• **Task**: From the line with "Architectural Design Patterns" through the line with "L'astronaute japonais Akihiko", repeat the entries verbatim, both end lines included, and add nothing.

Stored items
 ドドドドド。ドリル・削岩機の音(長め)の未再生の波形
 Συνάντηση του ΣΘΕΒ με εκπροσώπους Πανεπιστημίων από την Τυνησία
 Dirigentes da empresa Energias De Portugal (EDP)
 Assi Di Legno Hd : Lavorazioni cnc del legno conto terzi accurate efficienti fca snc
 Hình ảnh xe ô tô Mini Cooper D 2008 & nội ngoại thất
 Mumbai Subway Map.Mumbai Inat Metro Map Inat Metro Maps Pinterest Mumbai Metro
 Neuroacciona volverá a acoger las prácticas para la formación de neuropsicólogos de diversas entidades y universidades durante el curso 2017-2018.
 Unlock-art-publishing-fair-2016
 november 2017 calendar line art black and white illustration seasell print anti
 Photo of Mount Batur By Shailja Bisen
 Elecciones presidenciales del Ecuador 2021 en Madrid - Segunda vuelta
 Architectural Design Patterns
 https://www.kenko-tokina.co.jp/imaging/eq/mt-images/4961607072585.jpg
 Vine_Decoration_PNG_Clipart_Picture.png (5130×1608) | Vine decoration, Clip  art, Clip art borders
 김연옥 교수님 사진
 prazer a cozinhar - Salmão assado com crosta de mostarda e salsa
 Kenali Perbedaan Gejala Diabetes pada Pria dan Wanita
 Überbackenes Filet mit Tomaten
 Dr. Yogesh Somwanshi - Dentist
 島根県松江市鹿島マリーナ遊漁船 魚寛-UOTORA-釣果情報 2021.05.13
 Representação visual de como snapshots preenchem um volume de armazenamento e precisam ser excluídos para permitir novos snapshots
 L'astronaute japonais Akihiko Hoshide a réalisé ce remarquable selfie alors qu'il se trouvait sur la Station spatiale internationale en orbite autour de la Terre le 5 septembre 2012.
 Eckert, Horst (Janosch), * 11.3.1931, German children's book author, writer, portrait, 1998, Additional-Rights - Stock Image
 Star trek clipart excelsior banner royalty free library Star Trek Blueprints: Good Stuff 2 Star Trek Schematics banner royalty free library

• **The answer**:
 Architectural Design Patterns
 https://www.kenko-tokina.co.jp/imaging/eq/mt-images/4961607072585.jpg
 Vine_Decoration_PNG_Clipart_Picture.png (5130×1608) | Vine decoration, Clip  art, Clip art borders
 김연옥 교수님 사진
 prazer a cozinhar - Salmão assado com crosta de mostarda e salsa
 Kenali Perbedaan Gejala Diabetes pada Pria dan Wanita
 Überbackenes Filet mit Tomaten
 Dr. Yogesh Somwanshi - Dentist
 島根県松江市鹿島マリーナ遊漁船 魚寛-UOTORA-釣果情報 2021.05.13
 Representação visual de como snapshots preenchem um volume de armazenamento e precisam ser excluídos para permitir novos snapshots
 L'astronaute japonais Akihiko Hoshide a réalisé ce remarquable selfie alors qu'il se trouvait sur la Station spatiale internationale en orbite autour de la Terre le 5 septembre 2012.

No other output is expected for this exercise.